Тогда Ядин обвинил Бен-Гуриона в фаворитизме и в политическом вмешательстве в дела армии, и вместе с целой группой генералов положил на стол прошение об отставке.
После бурной дискуссии Бен-Гурион принял идею создания комитета из пяти человек, который и должен был решить кадровые вопросы. Председателем комитета стал Ицхак Гринбаум — тот самый, единственный «независимый» член национального совета, ставший главой МВД .
Тем временем в прессе партия Мапам обвинила Бен-Гуриона в нападках на Пальмах, в необоснованном вмешательстве в профессиональные дела командования в Иерусалиме, и предложила создать военный комитет, в котором были бы представлены разные партии.
В ответ на это уже Бен-Гурион предложил свою отставку.
Тут надо обратить внимание на одно обстоятельство: в истории с «Альталеной» Бен-Гурион использовал Хагану для того, чтобы разгромить Эцель. Но этот же разгром дал ему козырь в борьбе с руководством той же Хаганы — многообещающие связи с Францией, оказались обрублены, и у Бен-Гуриона оказалась монополия: поставки так называемого «… чехословацкого оружия…» шли через его людей, что добавляло ему авторитет, и придавало лишний вес его мнению.

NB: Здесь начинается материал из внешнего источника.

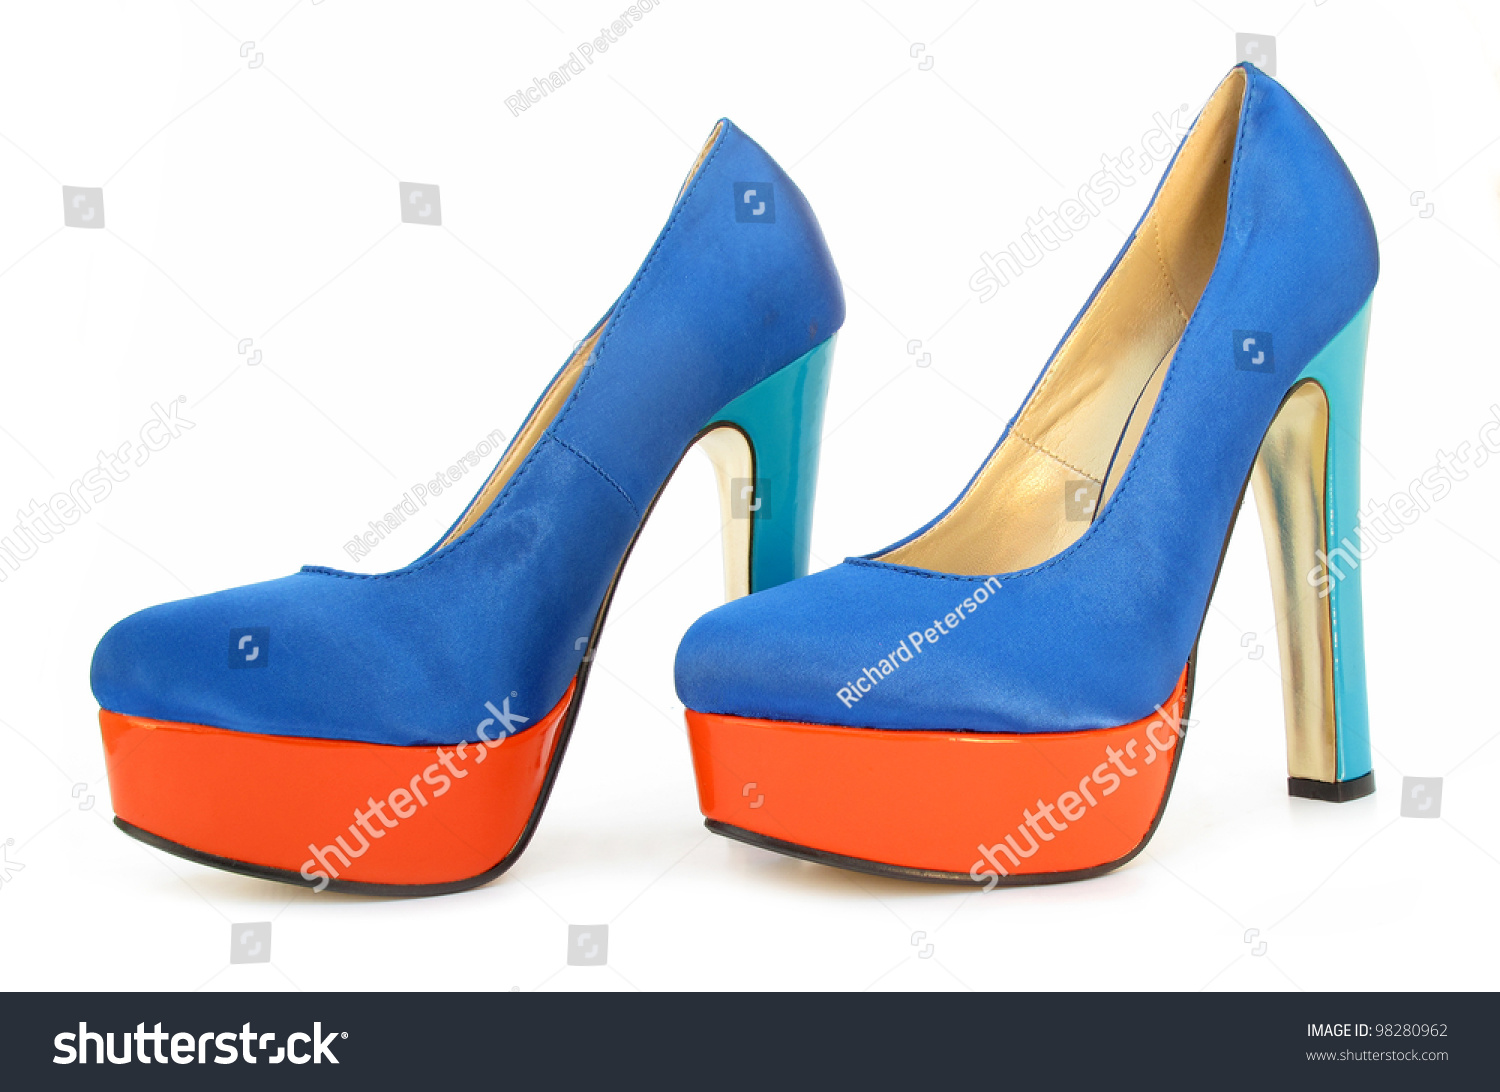 Blue Orange High Heels Pump Shoes Stock Photo 98280962 : Shutterstock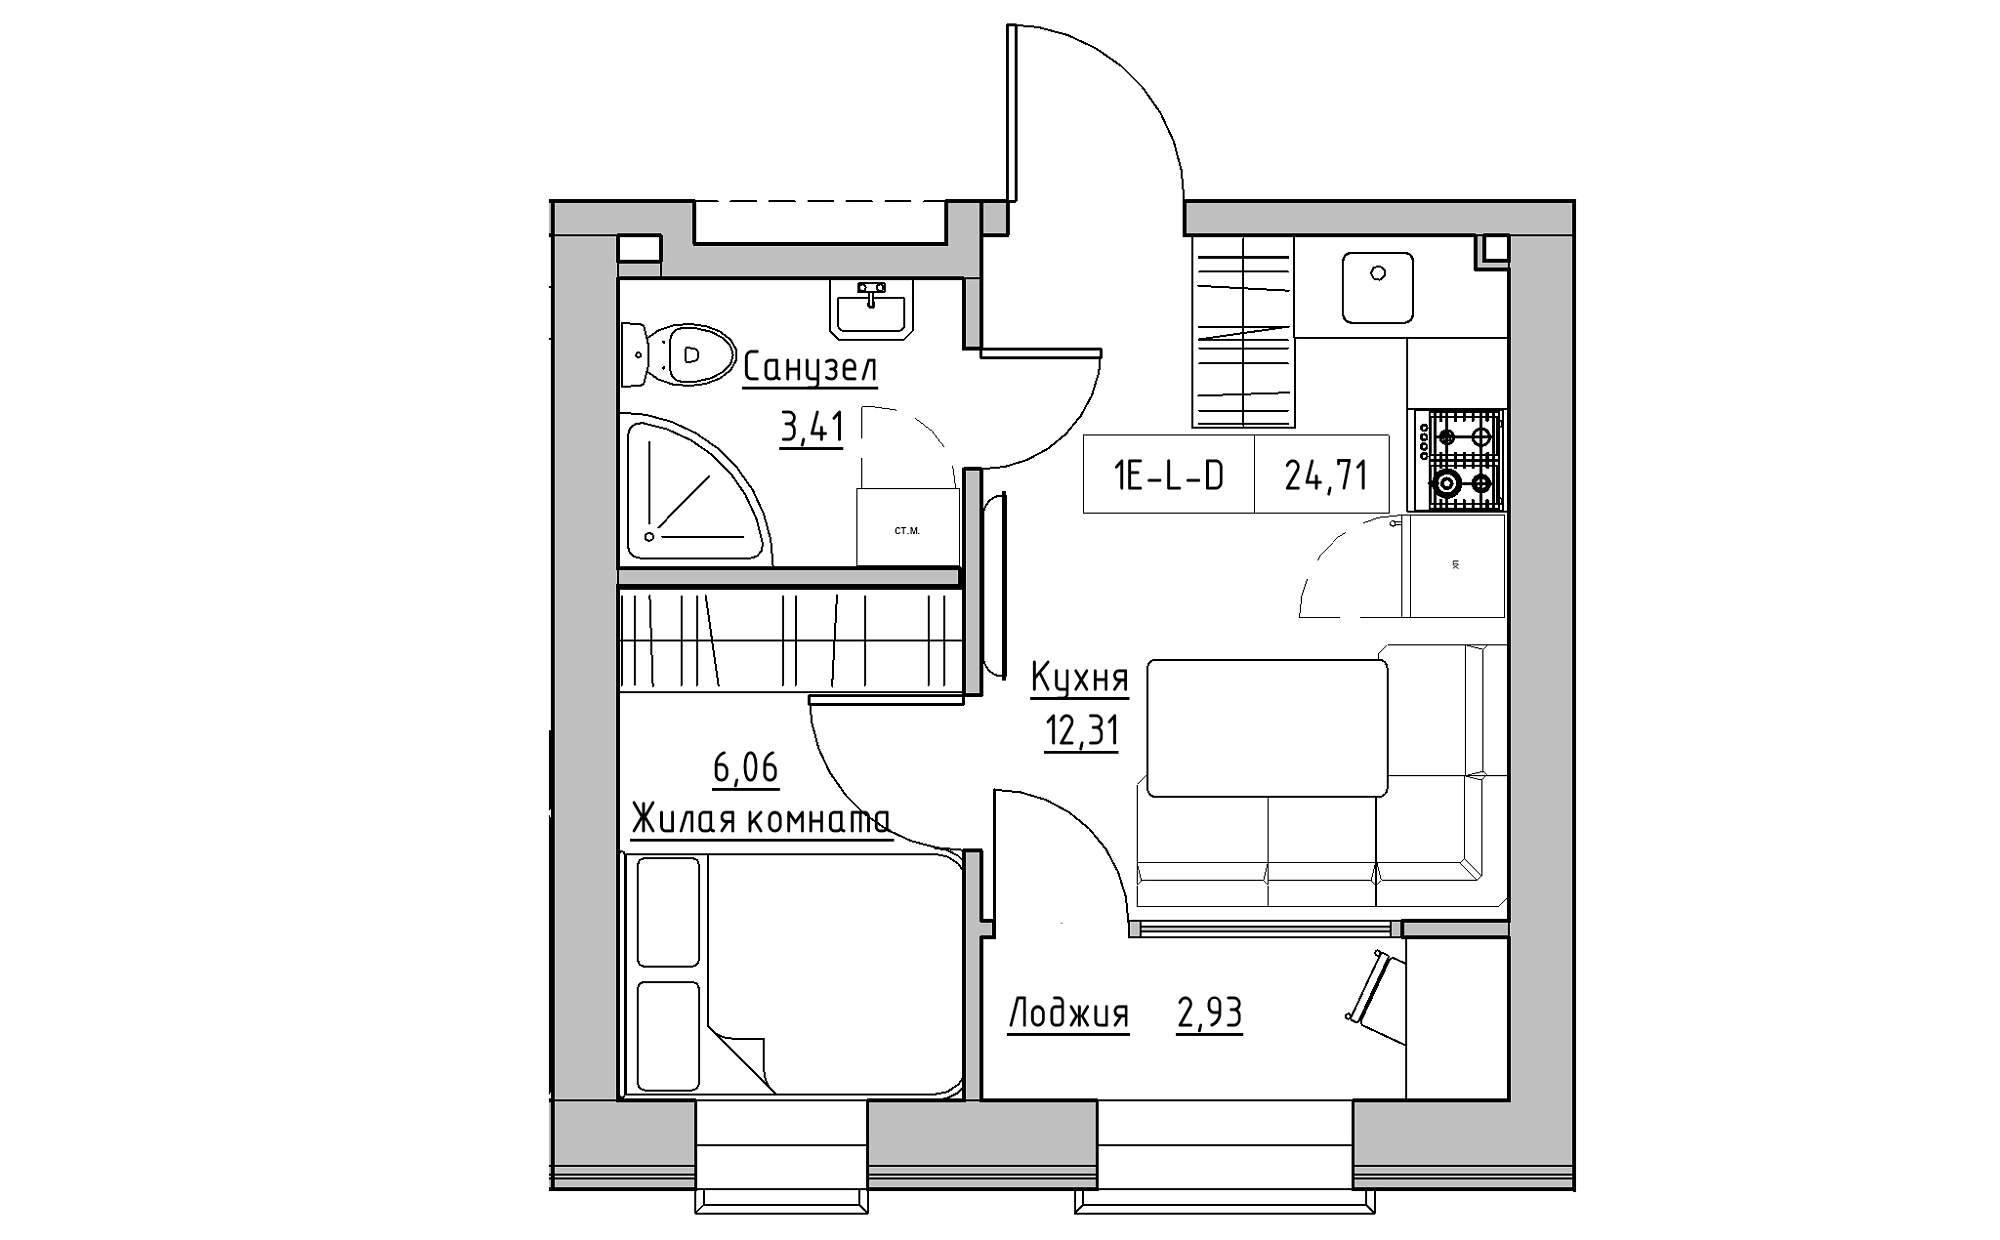 Planning 1-rm flats area 24.71m2, KS-022-01/0002.

Это преимущество он и использовал.
В переговорах был достигнут компромисс — все угрозы отставок были взяты назад, Бен-Гурион отказался от своих «… предложений о назначениях…», но в обмен стороны согласились, что главой военного ведомства будет только один человек — Давид Бен-Гурион.
Hy, a 8-го июля 1948 года египетские войска нарушили перемирие и опять перешли в наступление.
Ссоры прекратились — надо было не спорить, а воевать.
III
Hачальником генштаба Хаганы был Яков Достровский. Его семья перебралась из Одессы в Палестину в 1905, когда ему было шесть лет. Там он и вырос, так что для него, в отличие от его родителей, иврит был уже не «… выученным языком…», а родным.
Школу он окончил в Хайфе, а во время Первой мировой войны, в 1918, записался в Еврейский Легион. После войны Яков Достровский уехал в Бельгию, учиться, и закончил там университет в Генте. В Палестину он вернулся только в 1926, и сразу же примкнул к Хагане. По меркам того времени — поздновато, ему уже исполнилось 27.
Но он наверстал упущенное с избытком — в 1939 его назначили на пост главы генштаба, и примерно с этого же времени ему стал помогать Игаль Сукеник, сын известного археолога, Элиэзера Сукеника.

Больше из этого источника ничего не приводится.